In a decision that upends 27 years of law governing
patent infringement cases, the justices sided with beverage flavoring company
TC Heartland LLC in its legal battle with food and beverage company Kraft Heinz
Co (KHC.O). The justices ruled 8-0 that patent suits can be filed only in
courts located in the jurisdiction where the targeted company is incorporated.
The decision overturned a 2016 ruling by the U.S. Court
of Appeals for the Federal Circuit, a Washington-based patent court, that said
patent suits are fair game anywhere a defendant company's products are sold.
Individuals and companies that generate revenue by suing
over patents instead of actually making products have been dubbed "patent
trolls."
The ruling is likely to lessen the steady flow of patent
litigation filed in a single federal court district in rural East Texas because
of its reputation for having rules and juries that favor plaintiffs bringing
infringement suits.
Heartland said the ruling will limit the ability to
"shop" for friendly courts.
"Individuals and businesses in the U.S. have been
unfairly required for decades to defend patent suits in far off locales adding
cost, complexity and unpredictably to the intellectual property
marketplace," company Chief Executive Ted Gelov said.
Kraft Senior Vice President Michael Mullen said the
company was disappointed in the ruling but did not believe it would affect the
outcome of its lawsuit.
The dispute began when Kraft filed a patent suit
involving liquid water flavorings in Delaware federal court against Heartland,
a subsidiary of Heartland Consumer Products Holdings.
Heartland sought to transfer the case to its home base in
Indiana, arguing it has no presence in Delaware and 98 percent of its sales are
outside of that state. The appeals court denied the transfer last year.
Even though the lawsuit was not filed in Texas, the
arguments in the case touched on the peculiar fact that the bulk of patent
litigation in the United States flows to the Eastern District of Texas, far
from the centers of technology and innovation in the United States.
More than 40 percent of all patent lawsuits are filed in
East Texas. Of those, 90 percent are brought by "patent trolls,"
according to a study published in a Stanford Law School journal.
CONGRESSIONAL EFFORTS
High-tech firms in particular have been vocal about the
need for legislation to curb patent suits, including by limiting where they are
filed.

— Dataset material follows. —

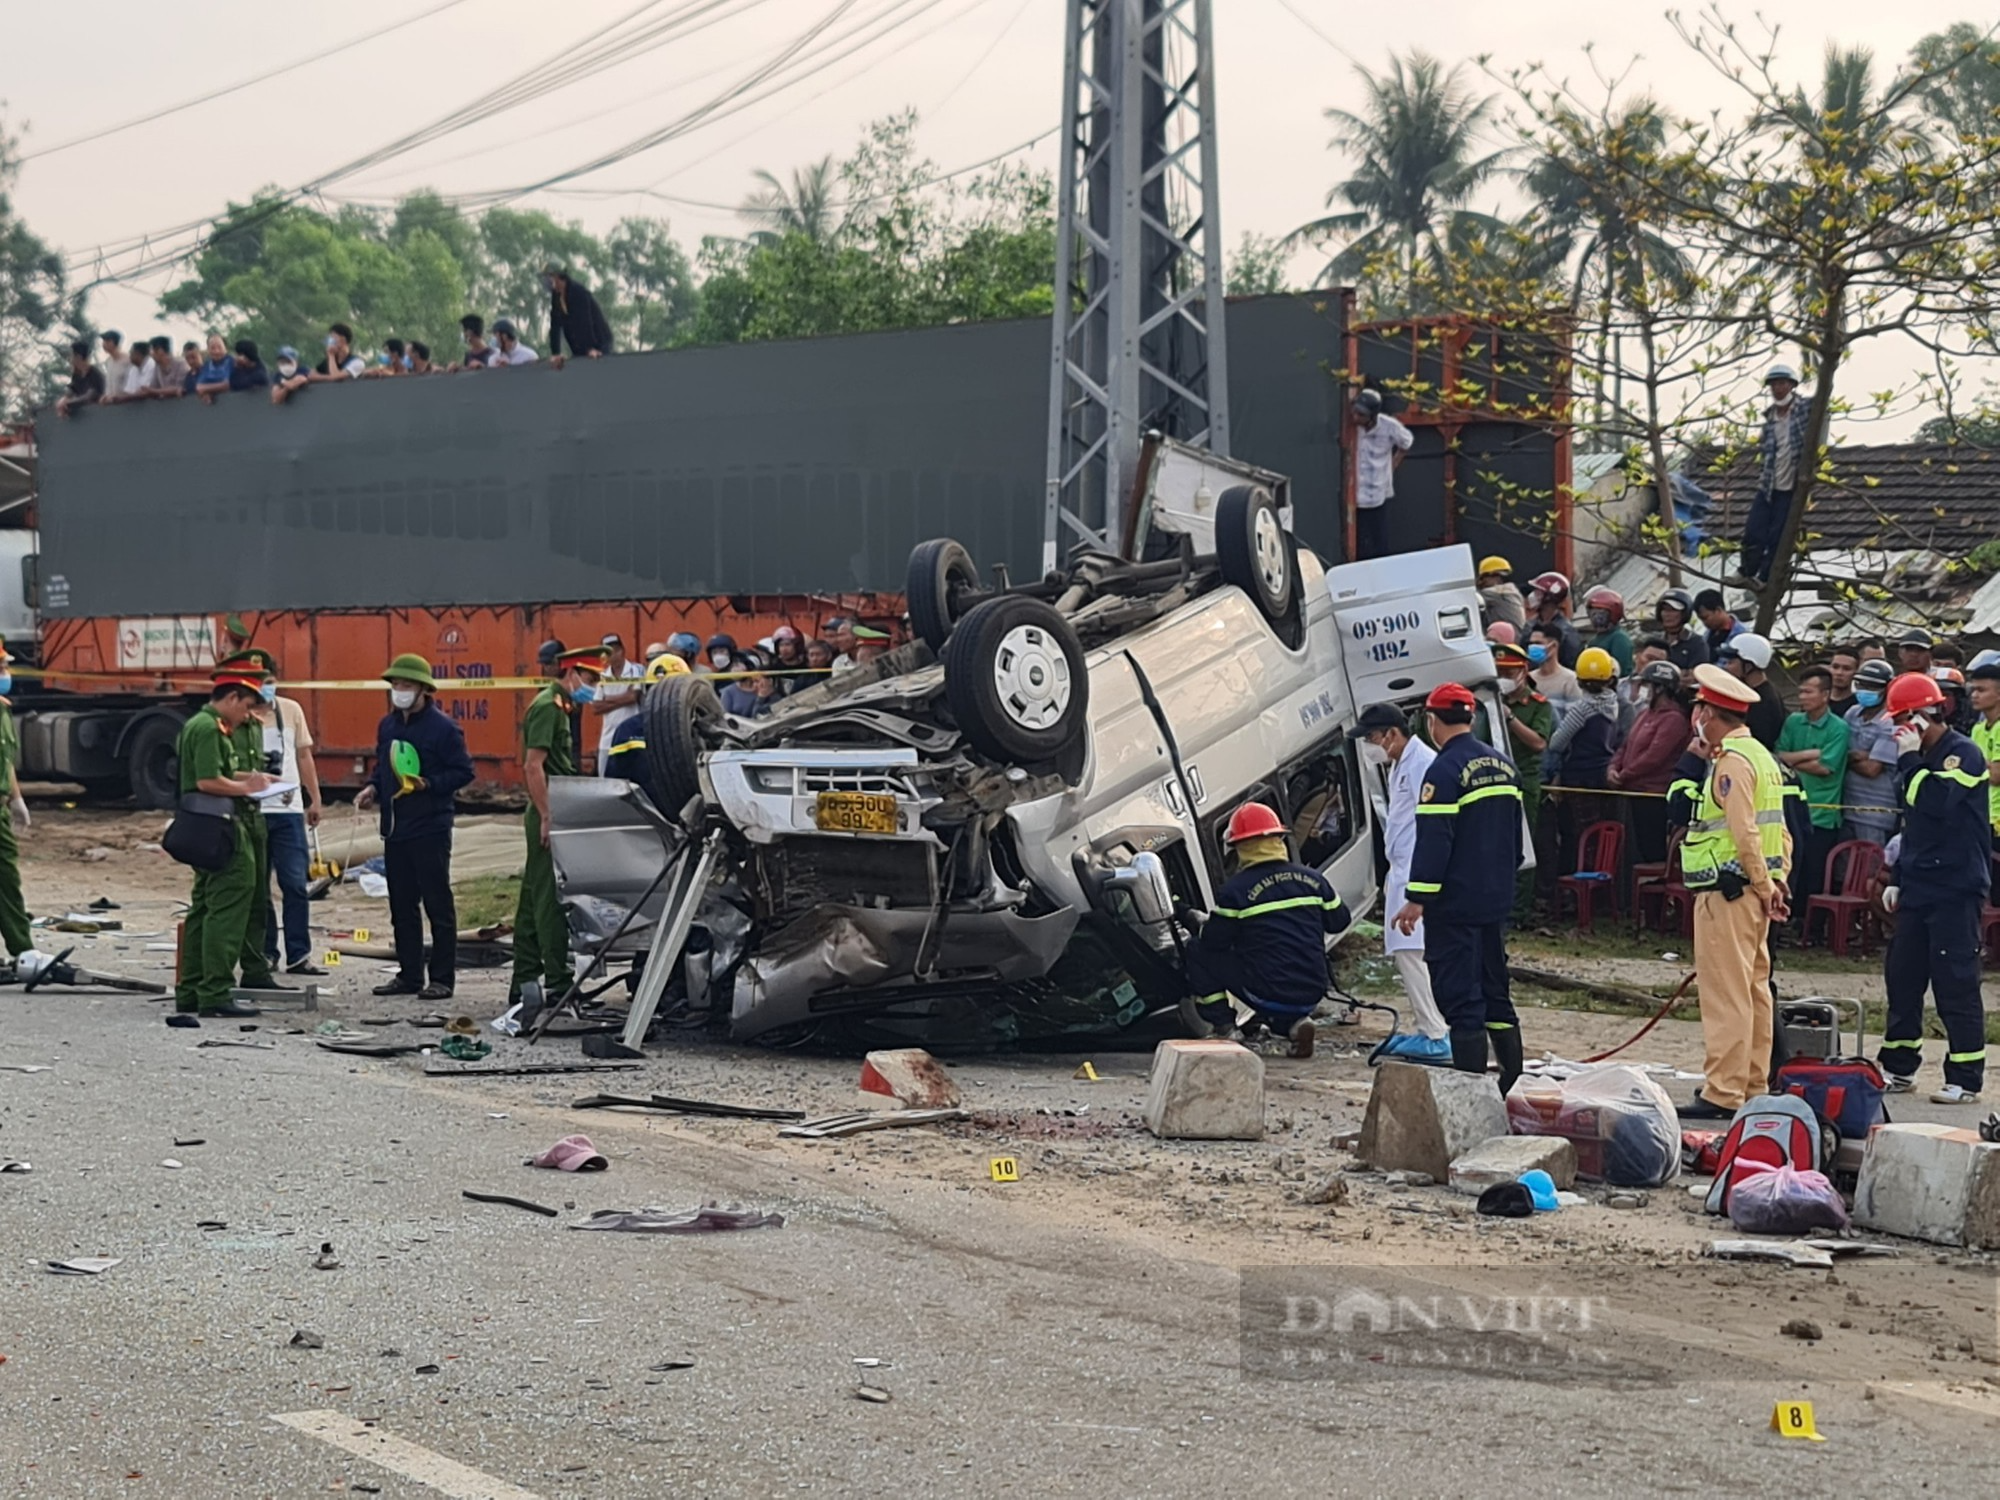 Quảng Nam sẽ “họp khẩn” tìm nguyên nhân sau 2 vụ tai nạn nghiêm trọng làm 13 người tử vong - Ảnh 1.

Recent efforts in Congress have failed.
Over the years, companies such as Apple, Google, Samsung
Electronics Co Ltd and Microsoft Corp have been frequent targets of patent
lawsuits, including in East Texas.
Limiting patent lawsuits to where a defendant company is
incorporated would potentially make it harder to extract lucrative settlements
from businesses being sued, and easier to get cases dismissed.
Such changes could potentially dissuade some cases from
being launched in the first place, said Illinois Institute of Technology
Chicago-Kent College of Law professor Greg Reilly, who has studied the issue of
patent venue.
"This is a positive step for those who think there
is a problem of a lot of poor-quality patents being enforced," Reilly
said.
A 1990 ruling by the Federal Circuit loosened the
geographic limits on patent cases and has served as a blueprint for such cases
ever since. The Federal Circuit denied Heartland's transfer by relying on the
1990 ruling.
Heartland urged the Supreme Court to overturn that
decision, arguing that the high court's own precedent from 1957 held that
patent suits are governed by a specific law allowing suits only where
defendants are incorporated.
On Monday, the Supreme Court agreed. Writing the opinion
for the court, Justice Clarence Thomas said that, contrary to the Federal
Circuit's rationale, the U.S. Congress did not change the rules over where
patent suits may be filed since the 1957 decision.
Justice Neil Gorsuch joined the court after it heard
arguments in the case and did not participate in the decision.